The Great Stink:
A Conversation with Colleen Paeff and Nancy Carpenter

h1 November 9th, 2021 by jules



 

In the art-filled chat I bring you today with author Colleen Paeff and illustrator Nancy Carpenter, Colleen says of Nancy’s illustrations for The Great Stink: How Joseph Bazalgette Solved London’s Poop Pollution Problem (Margaret K. McElderry Books, August 2021): “The way she combines humor and historical detail with a dash of irreverence just feels so right for this story.” That comment stands out to me, because it’s how I’d describe this book as whole, one whose humor, historical detail, and dashes of irreverence — in both art and text — work together to tell an informative and entertaining story of just what the title tells you, what history calls “the Great Stink.”

It’s the summer of 1858 when Londoners give their problem this name. The River Thames in London is marked by a horrible smell, and everyone fears more cholera outbreaks will occur. (As Paeff lays out so clearly in the book’s opening, London has already suffered more than one bout of cholera, given the city’s issues with sewage disposal.)

But what Paeff also includes in the book’s opening is the birth, in 1819, of Joseph Bazalgette, who as an adult becomes an engineer with “dreams of making London a better, cleaner, healthier place to live.” And one of his jobs it to map the sewers of London. He eventually devises a plan for a new sewer system to clean the Thames, a marvel of engineering that saves lives. And by 1874, the “Great Stink is nothing but a smelly memory.”

I thank Colleen and Nancy for joining me today to talk about this superb piece of nonfiction. Let’s get to it. …

* * * * * * *

Jules: Colleen, let’s start with you. What made you decide to do a book about London’s “poop pollution problem?”

Colleen: Any event called “The Great Stink” seems tailor-made for kids. And that’s what Londoners called it when, in the summer of 1858, their inadequate sewer system (which funnelled the city’s waste into the River Thames) met with a historic heat wave. So first, the name piqued my interest. Then, when I discovered it was an engineer who saved the day and stopped the stink, I knew this was a story I wanted to tell.

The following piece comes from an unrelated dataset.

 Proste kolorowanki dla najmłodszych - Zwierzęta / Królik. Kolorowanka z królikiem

Jules: Nancy, what was your first response to Colleen’s text?

Nancy: Honestly, my first response to the idea of a book about poop pollution was to scoff and say this is not for me. I wasn’t scoffing for long after reading the first few paragraphs. The story delves into such a serious subject — solving the problem of multiple cholera outbreaks that plagued London throughout the 19th century. However, Colleen’s playful, dry wit had me giggling right away, and I started to imagine what sort of deliciously gross illustrations the book would allow for.

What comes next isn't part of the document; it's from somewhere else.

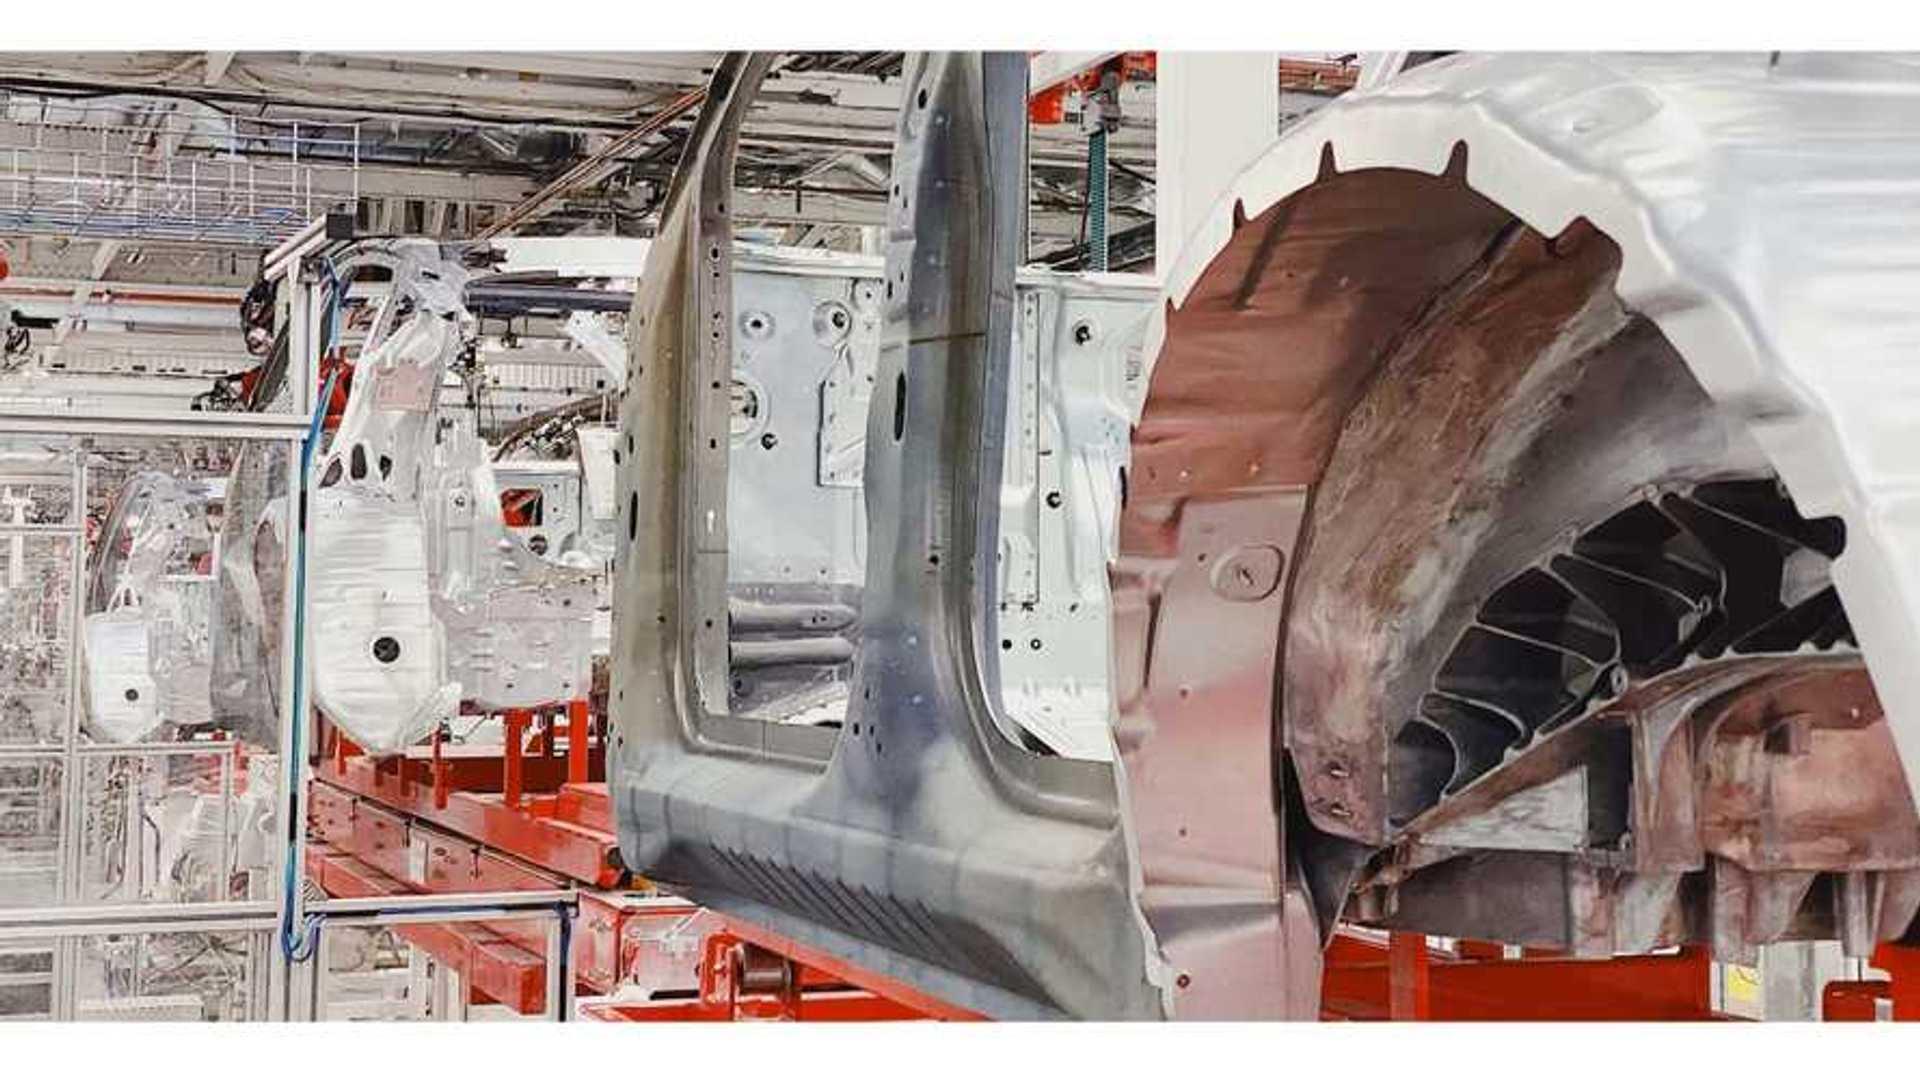 Tesla Model Y body shop in Fremont Factory

My early research guided me to William Heath’s engraving Monster Soup, which is about the contaminated water in the Thames. I loved the grotesque (yet still refined) character in the drawing. (I also hoped the monstrous microscopic creatures would find a way into the art but didn’t know how.) This was my launching point.

 


(Click to enlarge)


 

Jules: Wow. Look at those little creatures.

Nancy: My first sketch was for the introductory spread of London, circa 1858, where the stink problem begins. It’s pure stinky fun before the introduction of why the stench was so deadly.

 


(Click sketch to enlarge)


 


Final spread (sans text): “No matter how you describe it — smelly, foul, fetid, rank, putrid, bad, or reeking — in the summer of 1858, London’s River Thames STANK.
What created such a revolting smell? No matter what you call it — feces, stool, discharge, dung, number two, or excrement — the answer is gross. The river was full of poop.
To find out why the world’s largest city had a poop-filled river snaking through its center, and to discover who cleaned it up, we’ll need to go back in time
to a very different London.”

(Click spread to enlarge)


 

Jules: Colleen, Nancy mentioned research. What was yours like for this book? Where’d you begin?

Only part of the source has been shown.